Sermon for the Nineteenth Sunday after Trinity
admin | 30 October 2011“Be ye kind to one another, tender-hearted, forgiving one another,
even as God for Christ’s sake hath forgiven you.”
It is, I think, a most compelling and touching scene, at once a story of friendship and forgiveness and of healing and restoration. In so many ways, it illustrates what St. Paul is telling us in the Epistle. Do we not see here in this Gospel scene the kindness of friends towards one another? Do we not hear in this Gospel Christ’s words of forgiveness to the man sick of the palsy? Is it not the tender-heartedness of Jesus that we see displayed here in all of its wonder and power?
Well, to be sure and wonderfully so. And yet there is something more, something of a more sombre and disturbing nature. There is as well in this Gospel scene the vanity of minds, the darkening of the understanding, the hardness of hearts, the corruption of souls; in short, all the other things that the Epistle mentions. There is an evil in the heart which resents and opposes the good that might be done to others.

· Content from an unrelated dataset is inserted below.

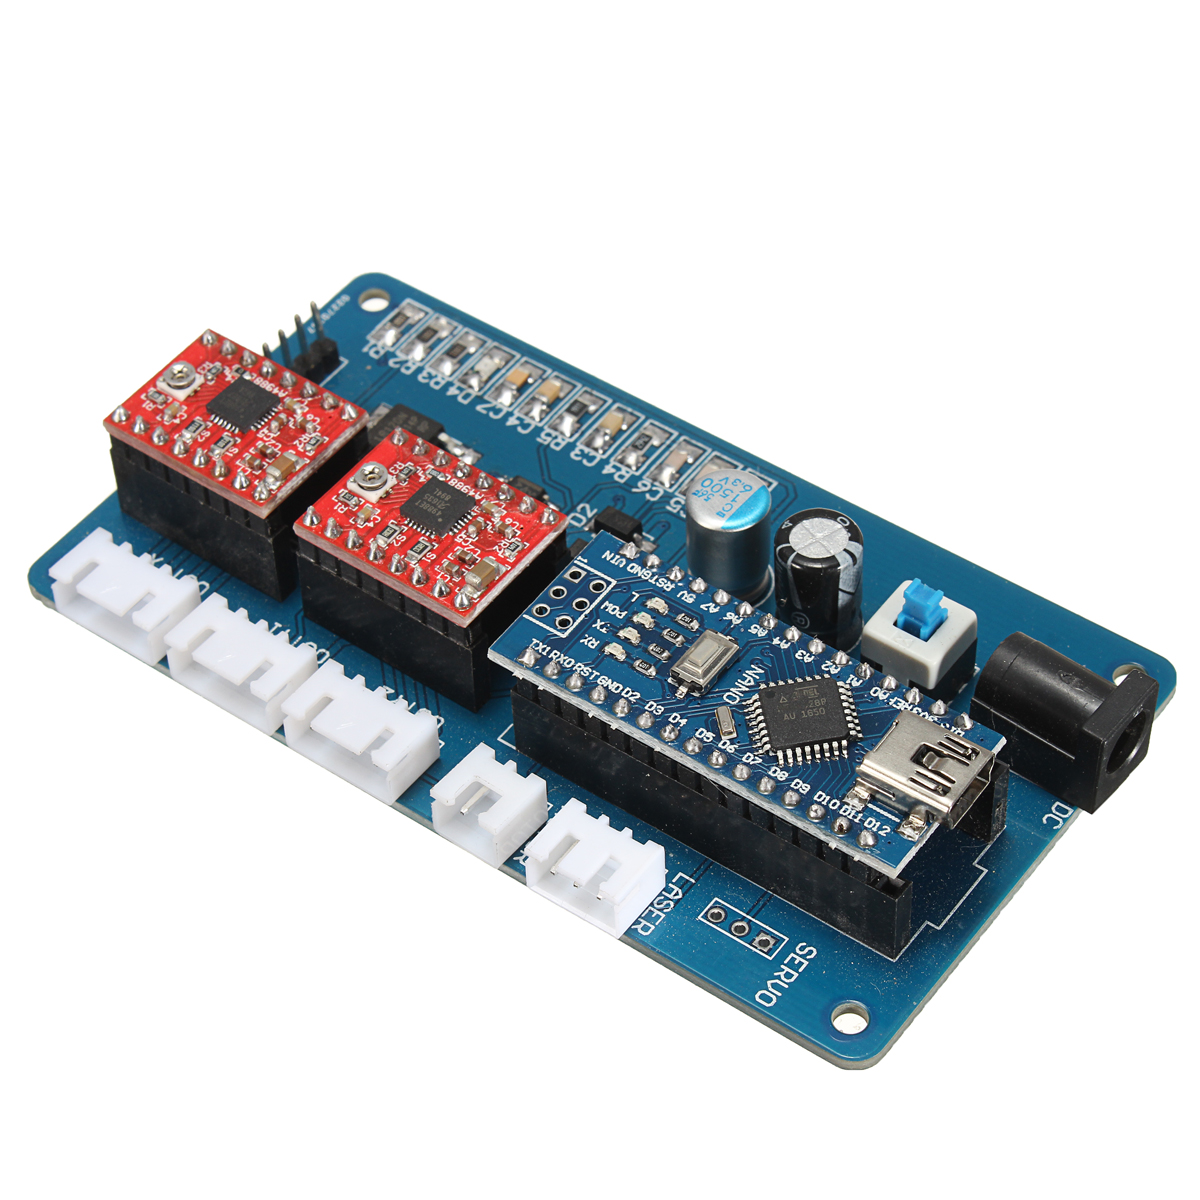 2 Axis GRBL Control Panel Board For DIY Laser Engraving Machine Benbox USB Stepper Driver Board 15

The soul is the battlefield between good and evil. And we all stand convicted or better yet, in the imagery of the Gospel, we all lie paralysed, unable to move, our palsied limbs reflecting a deeper paralysis of the soul which we see in the resistance and opposition of the scribes to Christ’s words of forgiveness to the one who was paralysed. They say nothing, but “Jesus, knowing their thoughts, said, Wherefore think ye evil in your hearts?”